Discovering the answers to these questions can help employers know the best ways to provide affirmation in a remote work environment. The goal is to find ways to celebrate and highlight the unique talents of each person—starting with onboarding and continuing throughout the entirety of their employment. To accomplish this, Sharlene suggests a few ideas:

  • Be personal rather than templated in a mass email when giving affirmation
  • Offer paid time off as a reward
  • Invite team members into the decision-making process
  • Highlight specific people on a weekly or monthly basis
  • Send a gift via Amazon or DoorDash, flowers, gift cards, etc.
  • Provide individual recognition directly to the recipient
  • Offer new opportunities as rewards such as:
  • Leadership roles
  • Conferences
  • Special training events
  • Empowering work connections
  • Financial incentives
  • Anything that demonstrates trust and recognition

Putting these practices in motion will elevate the digital experience in the workplace, improve company morale, and prevent burnout among remote workers.

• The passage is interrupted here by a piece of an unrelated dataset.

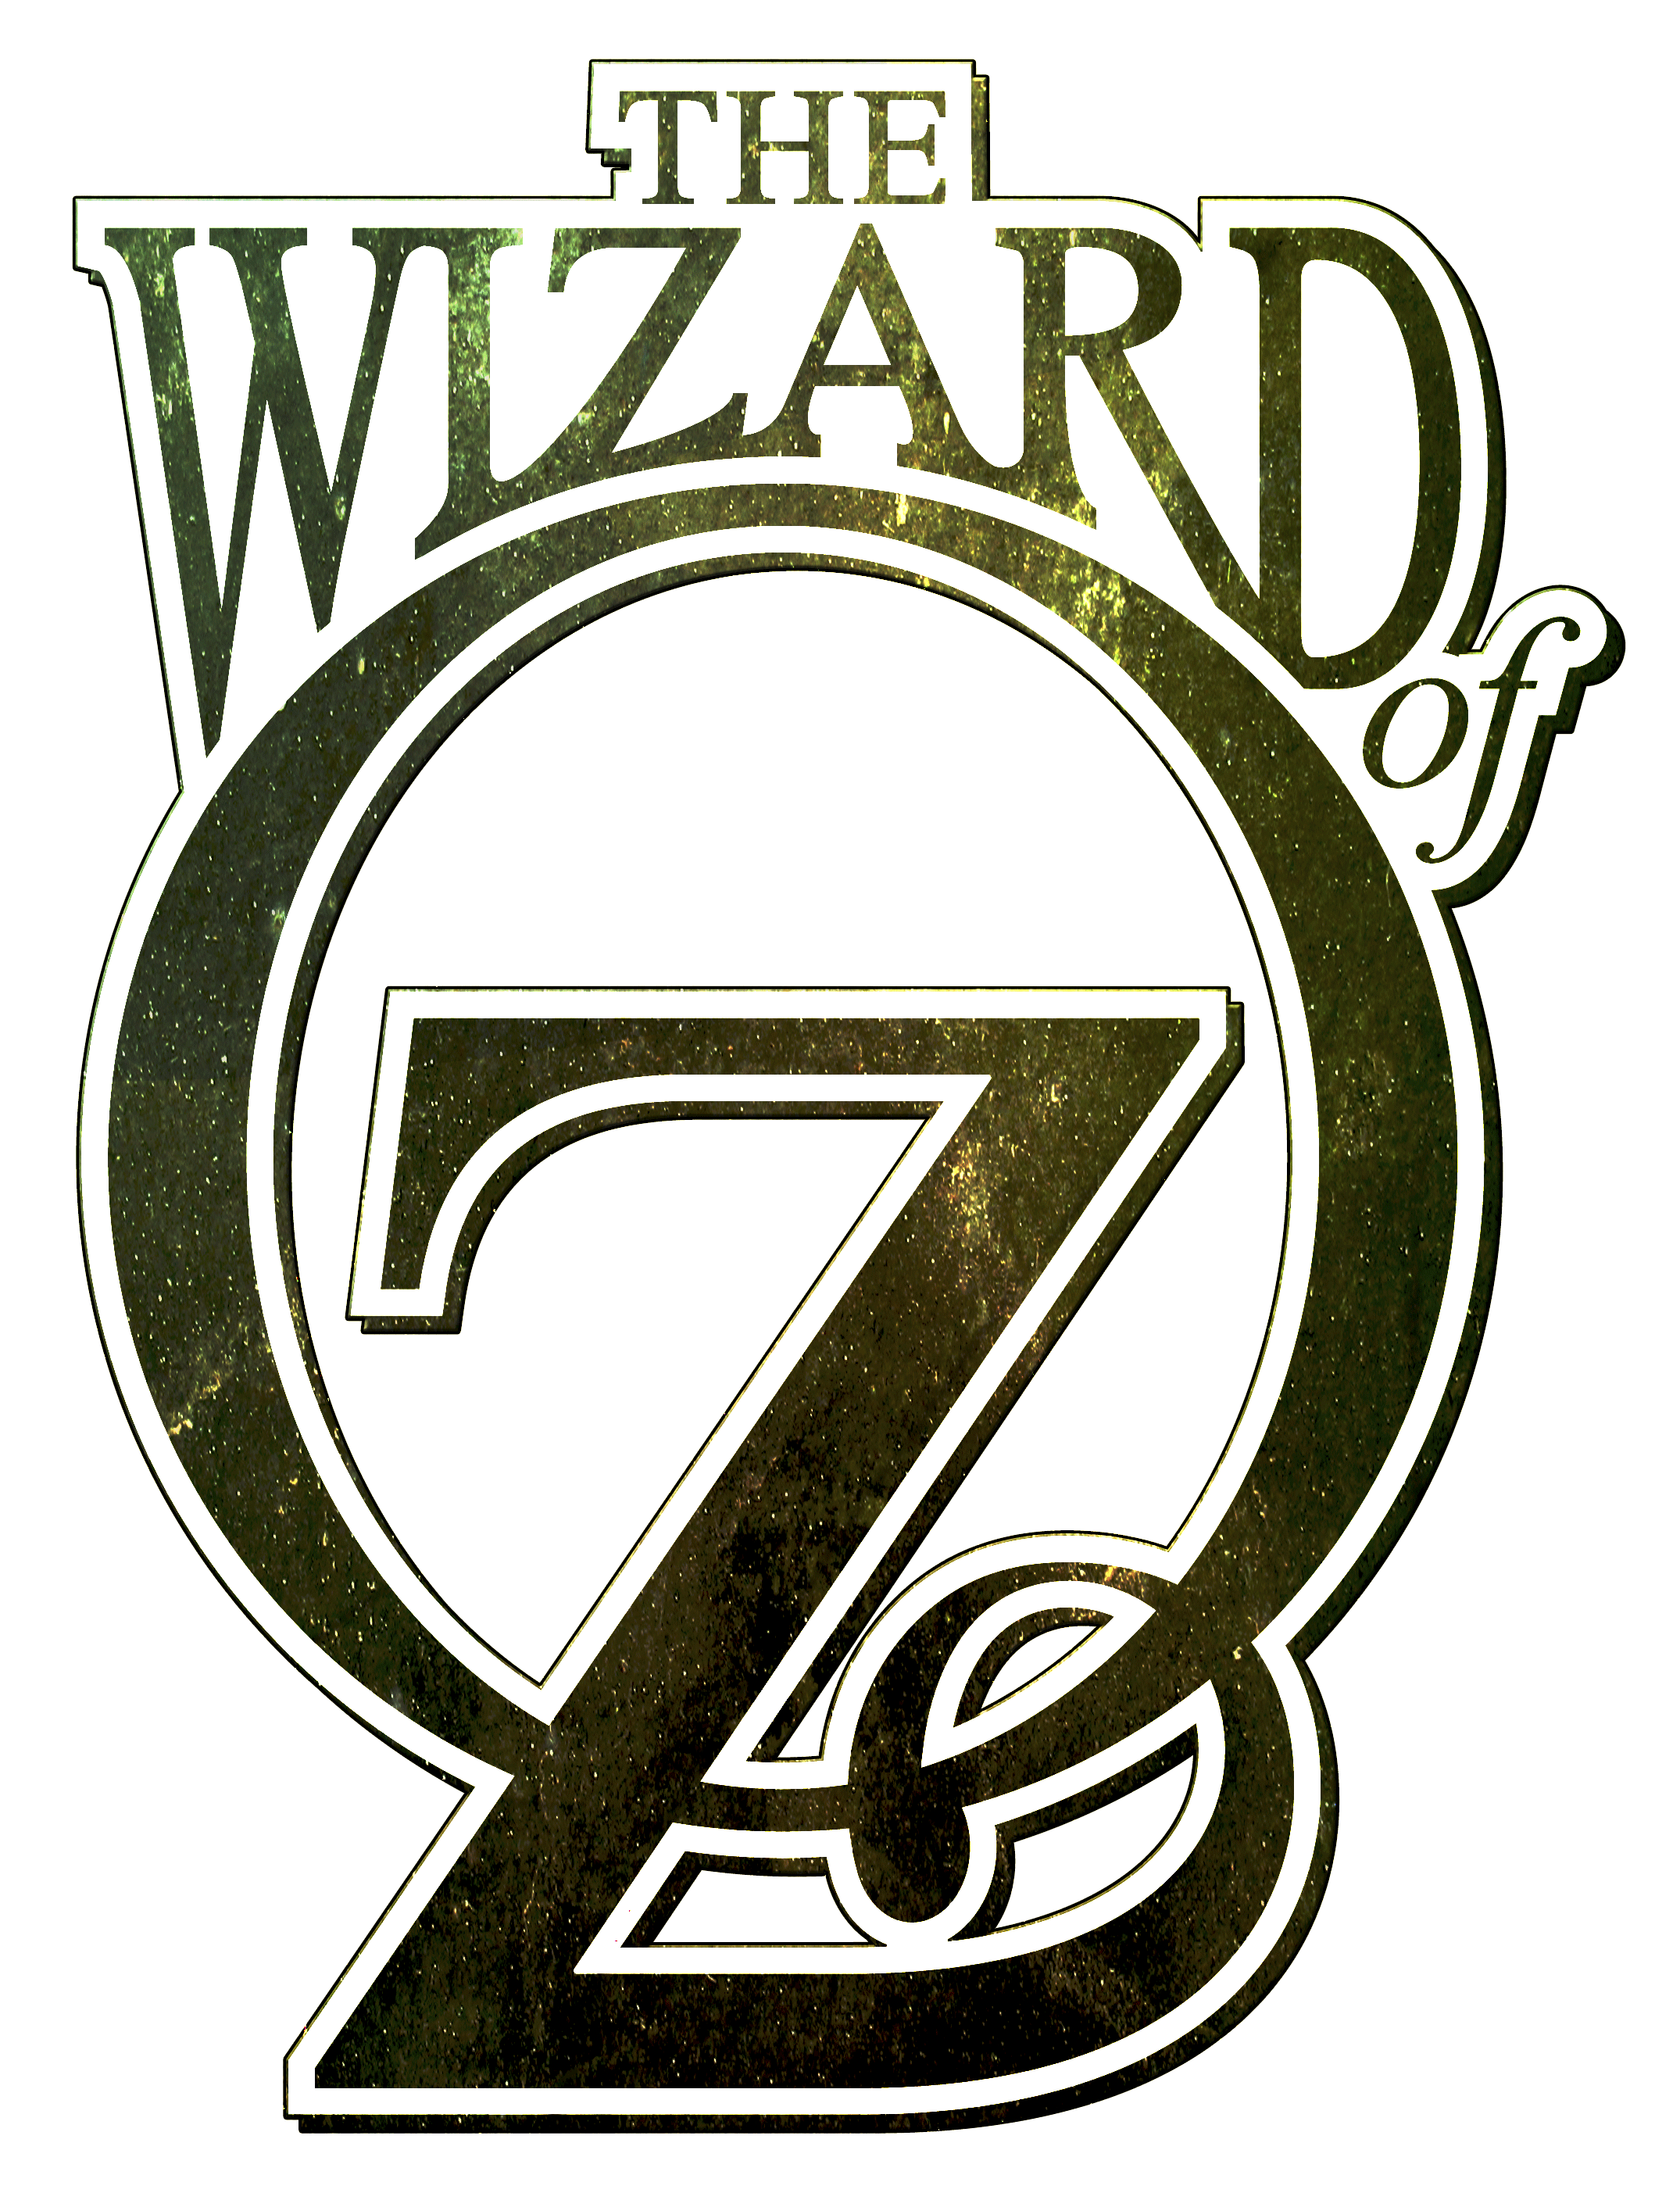 Oz Logo - Image result for wizard of Oz logos | wizard of oz in 2019 | Wizard ...

Maximizing employee experience in a digital workplace

Prioritizing a positive remote culture provides benefits that extend beyond job satisfaction for remote workers. The benefits of happy employees translate into a positive customer experience as well—a win-win for any business. In the end, the ultimate goal is for everyone—company leaders, employees, and customers—to feel seen and heard.

Whether you own a remote startup company, lead a large corporation, or you're considering remote work for yourself, it’s important to be fully aware of the pros and cons so that your experience is a positive one. The rise of remote work is here to stay and, even in a post-COVID era, it's expected that remote and hybrid work opportunities will continue to expand. It's time to shift focus towards the people who make the digital workplace possible and, together, maximize our human experience.